═══ Collected material ═══
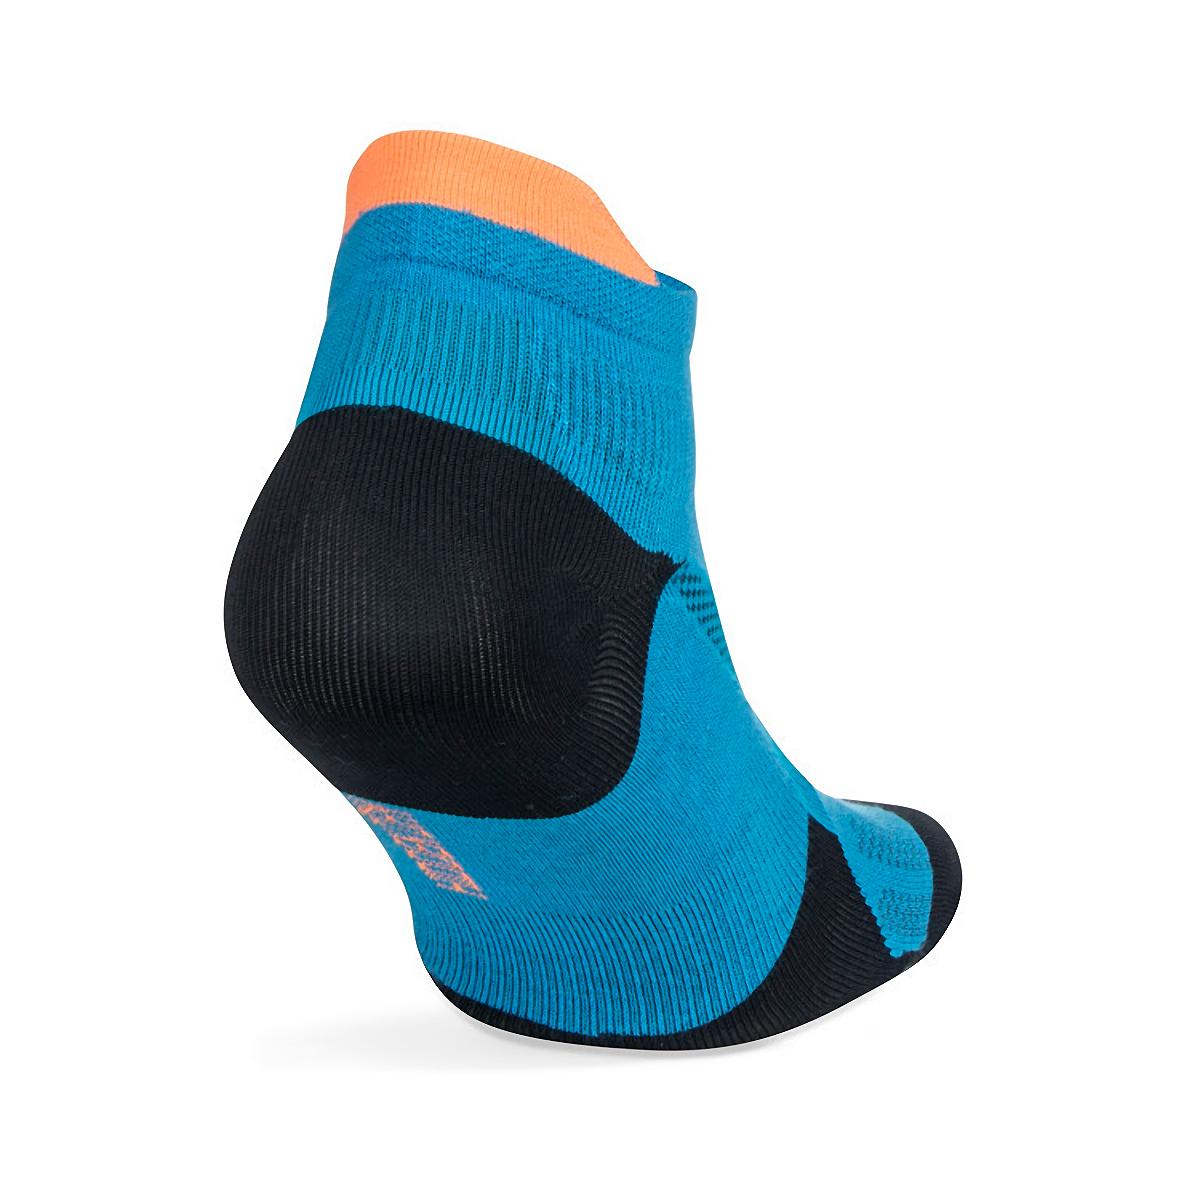 Balega Hidden Dry No Show Socks - Color: Bright Turquoise/Navy - Size: S, Bright Turquoise/Navy, large, image 4
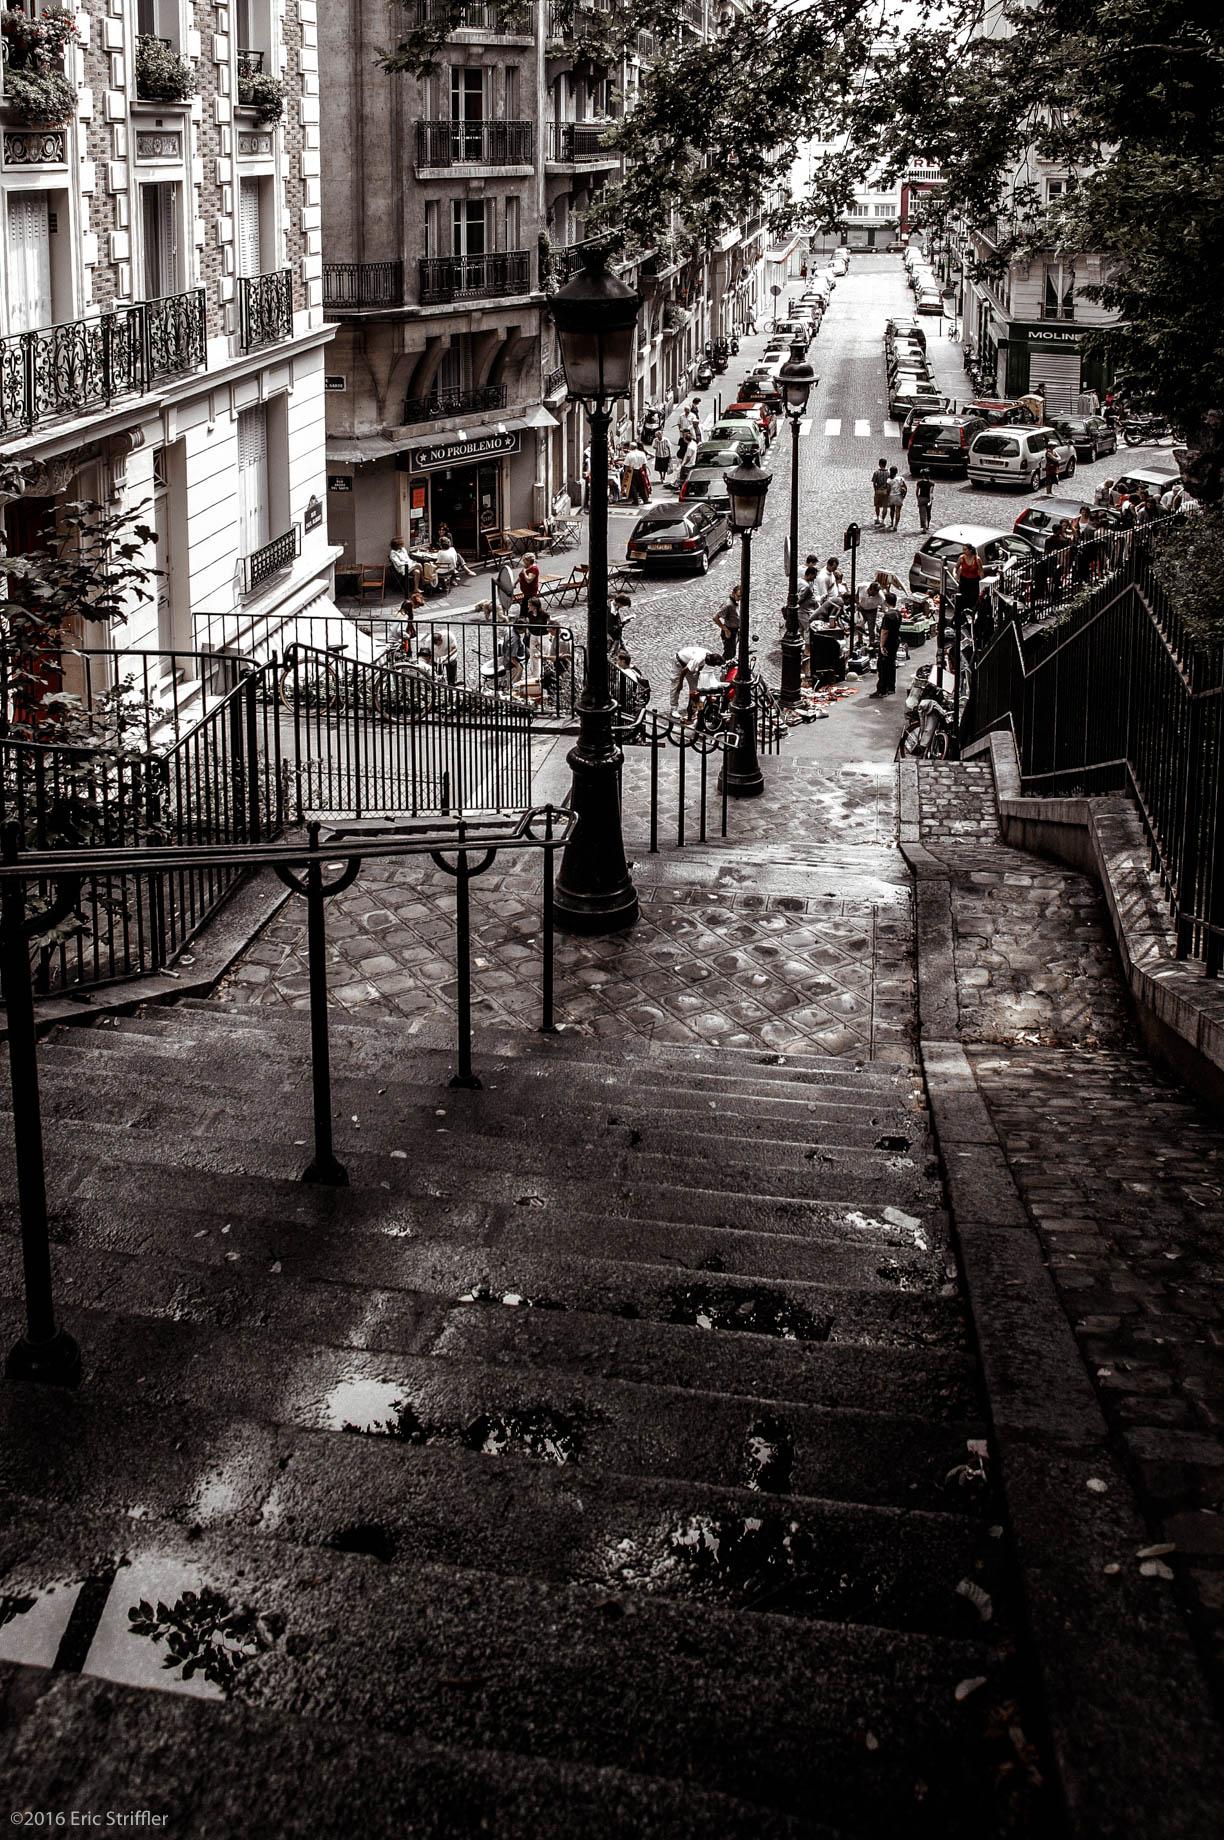 eric_striffler_photography_travel-65.jpg
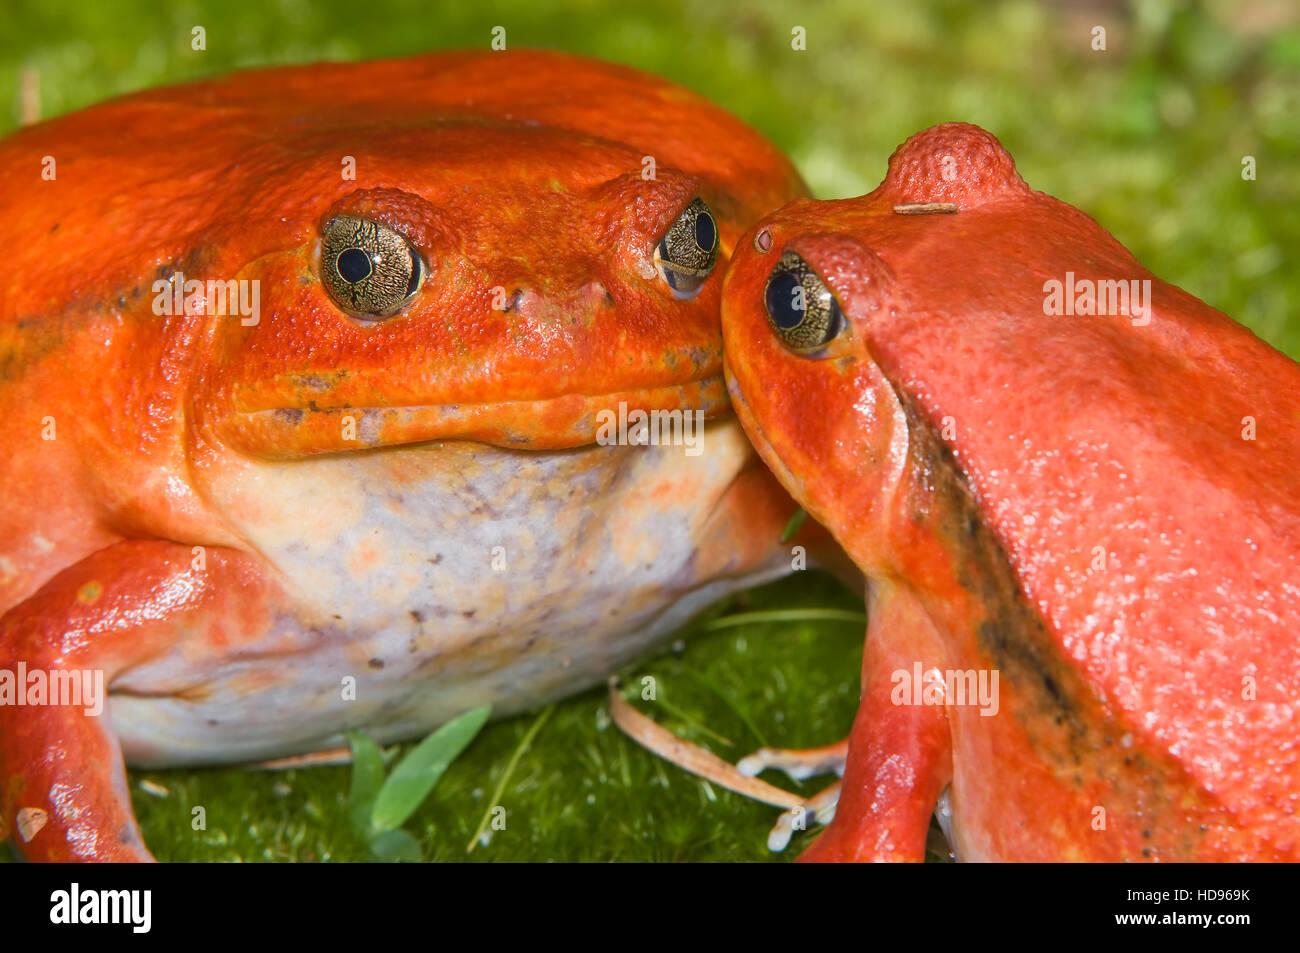 Couple of Tomato Frogs or Crapaud Rouge de Madagascar (Dyscophus antongilii), Madagascar - Stock Image
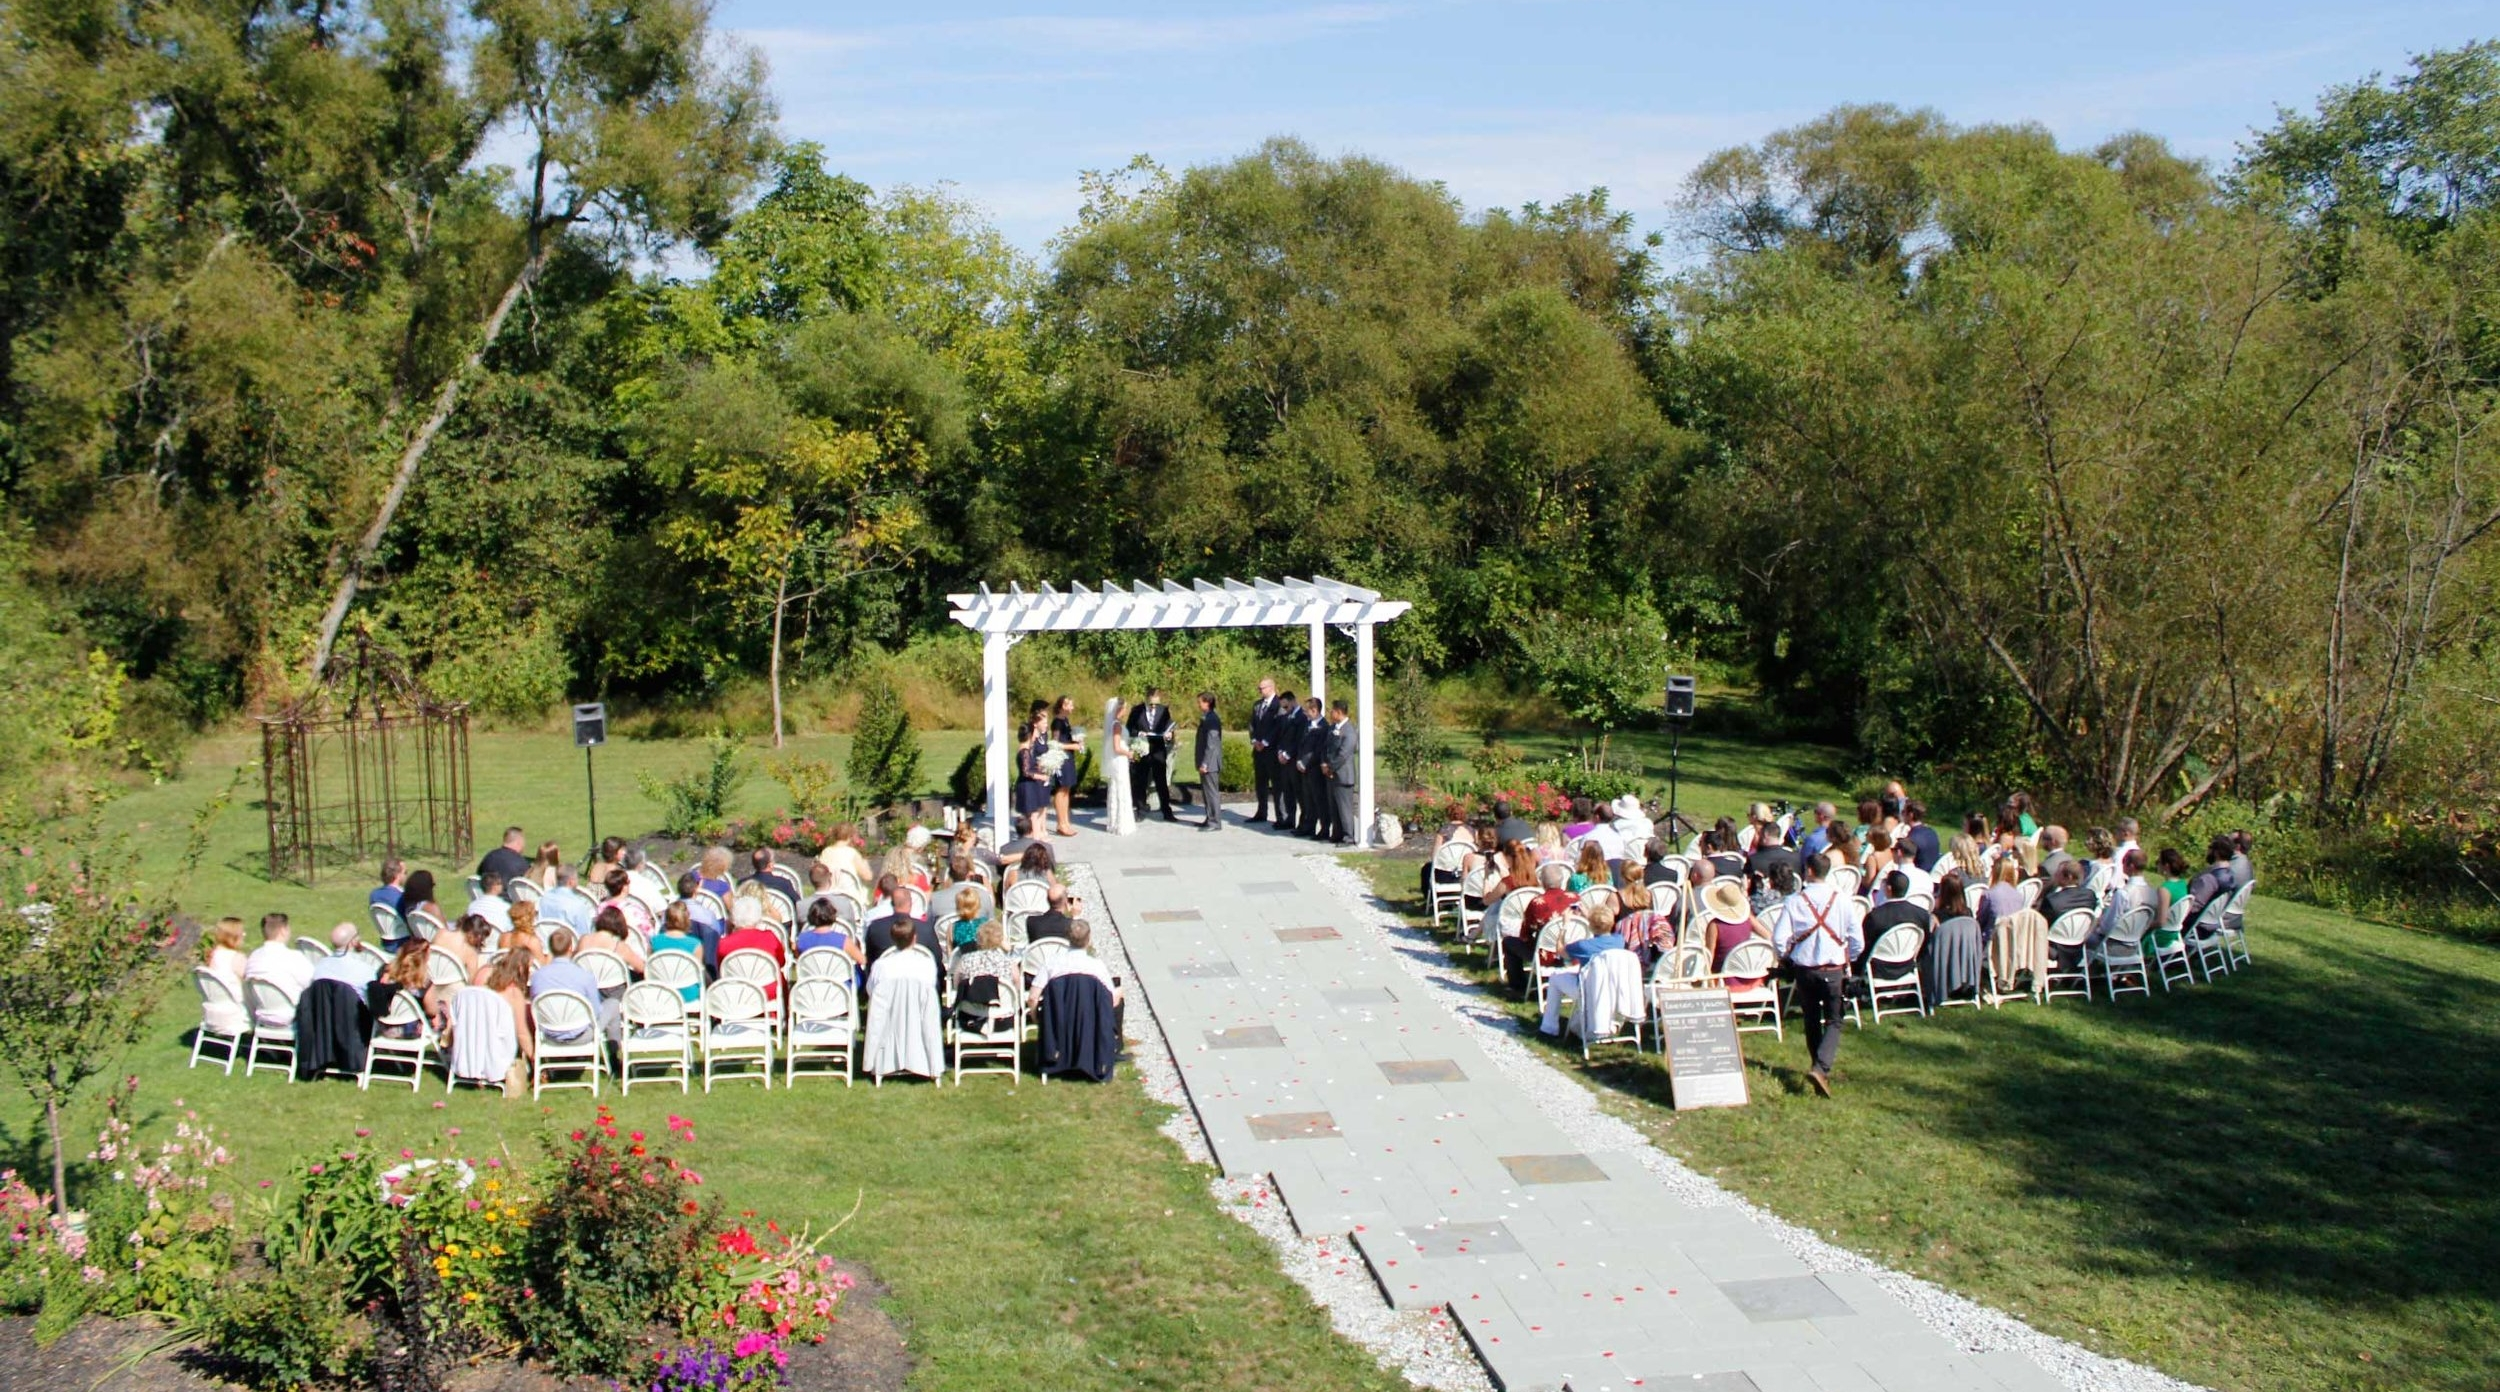 The Wedding Garden and Pergola outdoor wedding venue at Battlefield Bed and Breakfast Inn, Gettysburg, PA
═══
What needs to be done → Nothing but the pictures should be left out when the listing is repeated exactly.

Response to the exercise →
 Balega Hidden Dry No Show Socks - Color: Bright Turquoise/Navy - Size: S, Bright Turquoise/Navy, large, image 4
 eric_striffler_photography_travel-65.jpg
 Couple of Tomato Frogs or Crapaud Rouge de Madagascar (Dyscophus antongilii), Madagascar - Stock Image
 The Wedding Garden and Pergola outdoor wedding venue at Battlefield Bed and Breakfast Inn, Gettysburg, PA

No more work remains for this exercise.